_Your instructions:_ The reply should hold every line of the data below, unchanged, and none of the pictures.

_Given information:_
========================================================================
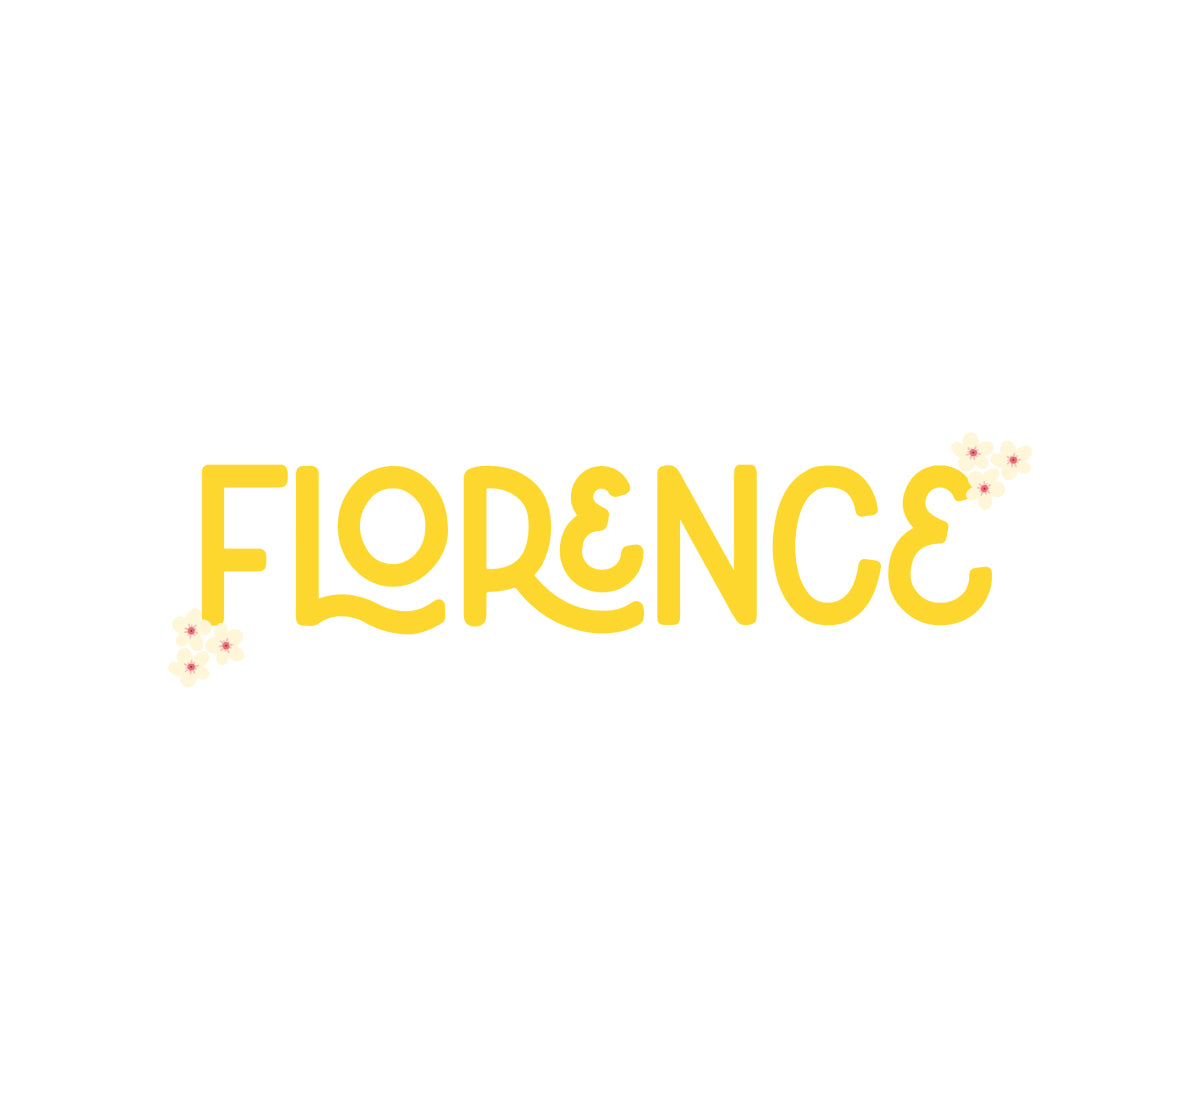 Florence dog bandana
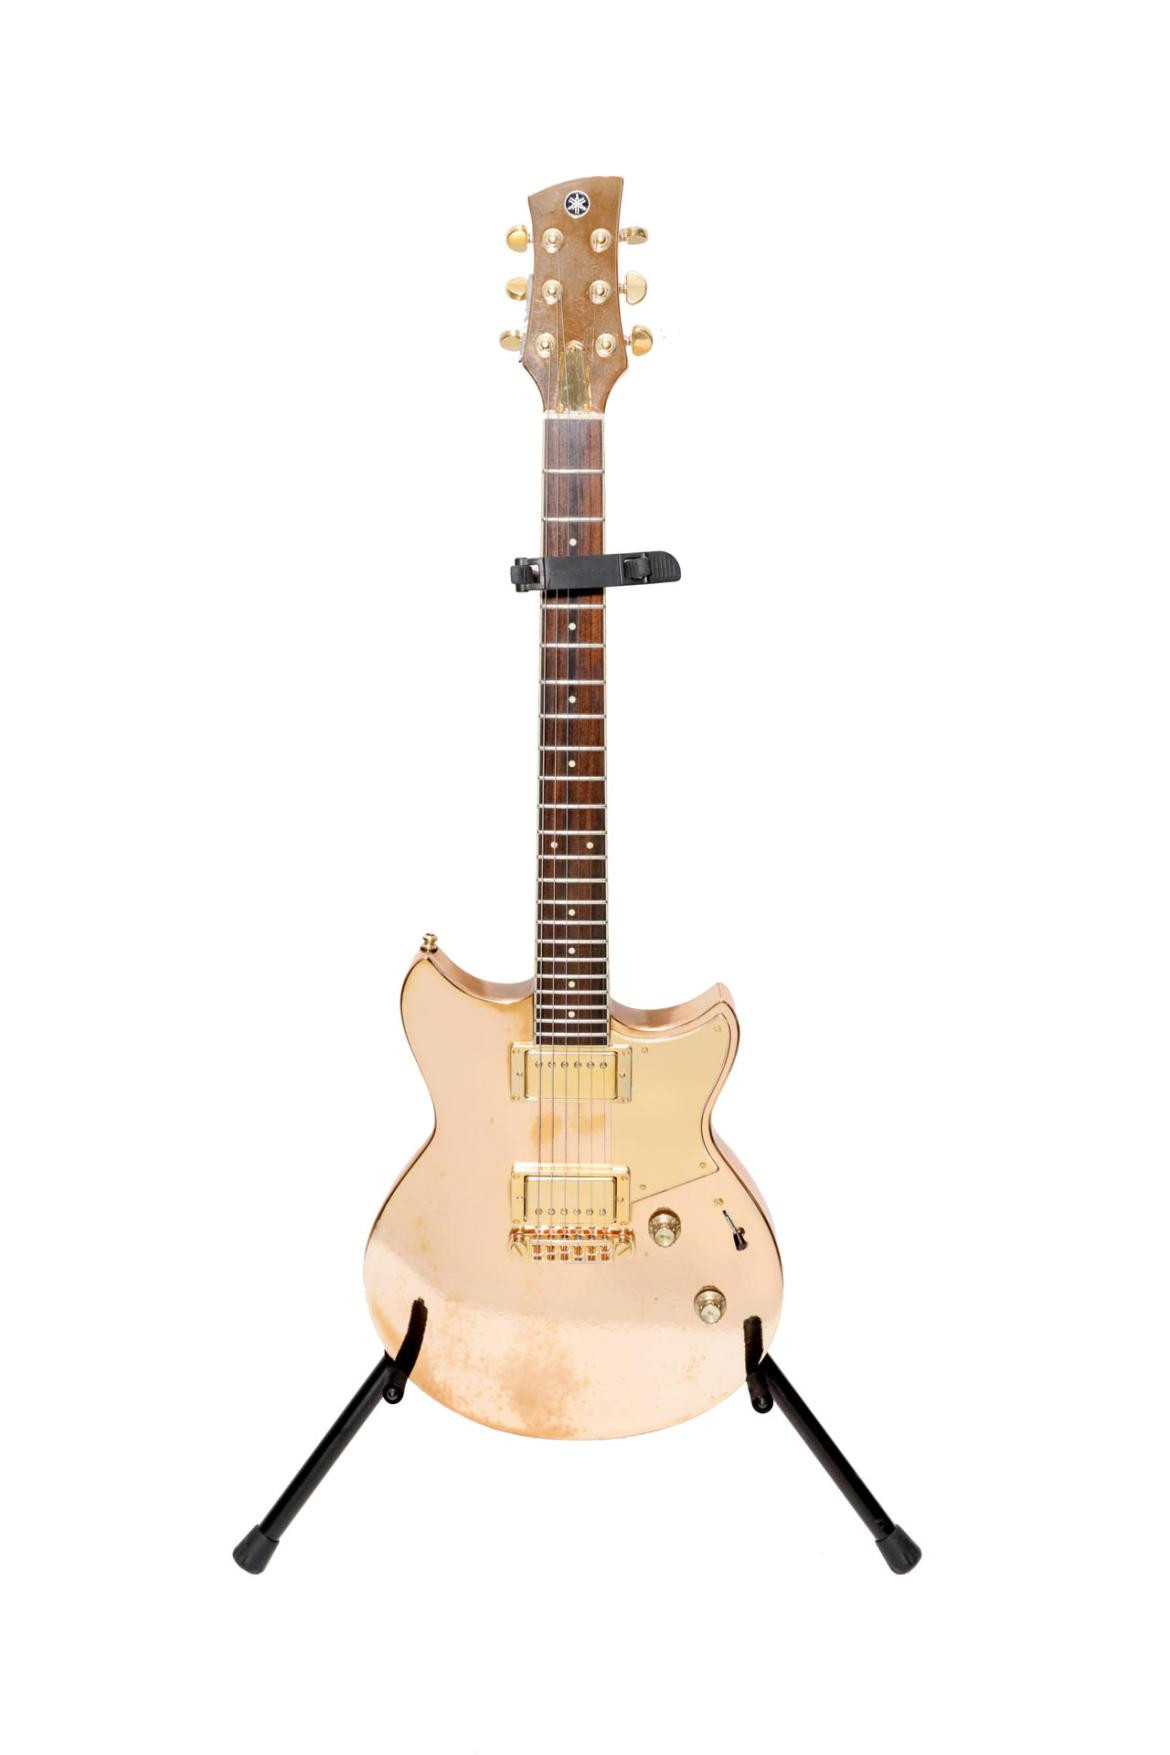 Guitarra eléctrica Yamaha Revstar dorada usada por Shakira en la gira El Dorado y que será expuesta en la exposición 
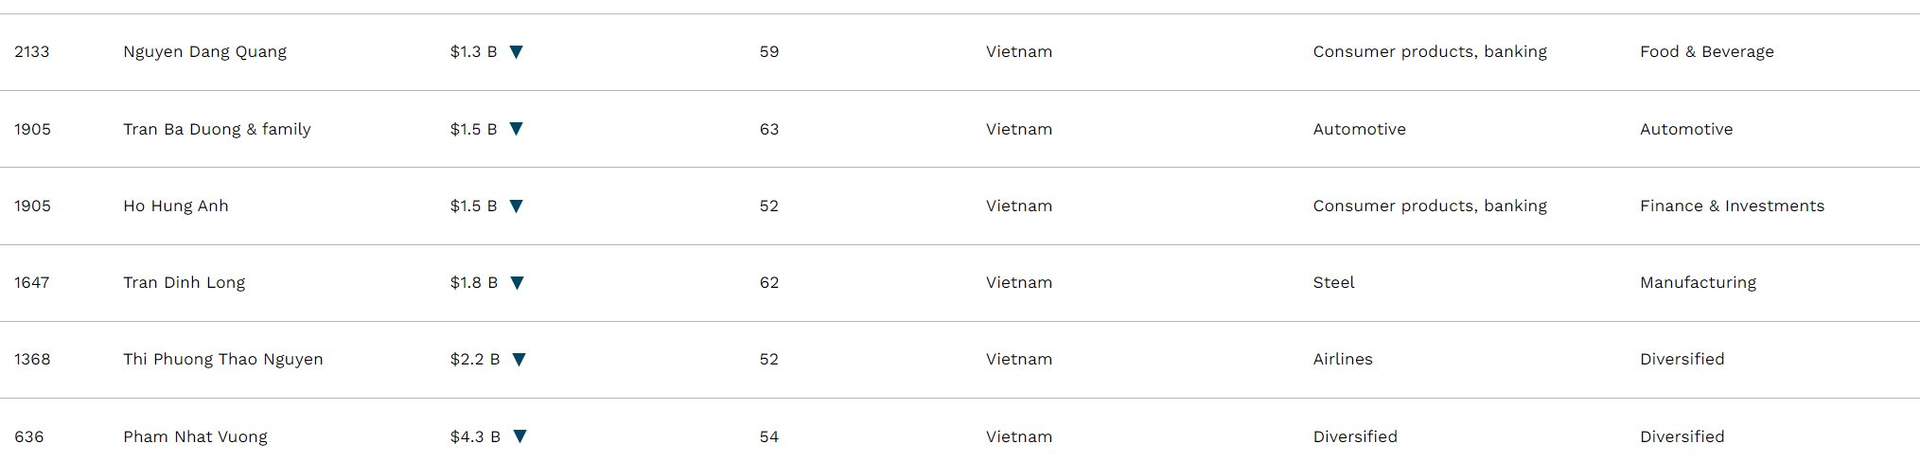 Forbes công bố tỷ phú đôla năm 2023: Chủ tịch Novaland Bùi Thành Nhơn bị loại khỏi danh sách, ảnh bìa xuất hiện 1 người gốc Việt - Ảnh 2.
========================================================================
_Worked solution:_
 Florence dog bandana
 Guitarra eléctrica Yamaha Revstar dorada usada por Shakira en la gira El Dorado y que será expuesta en la exposición 
 Forbes công bố tỷ phú đôla năm 2023: Chủ tịch Novaland Bùi Thành Nhơn bị loại khỏi danh sách, ảnh bìa xuất hiện 1 người gốc Việt - Ảnh 2.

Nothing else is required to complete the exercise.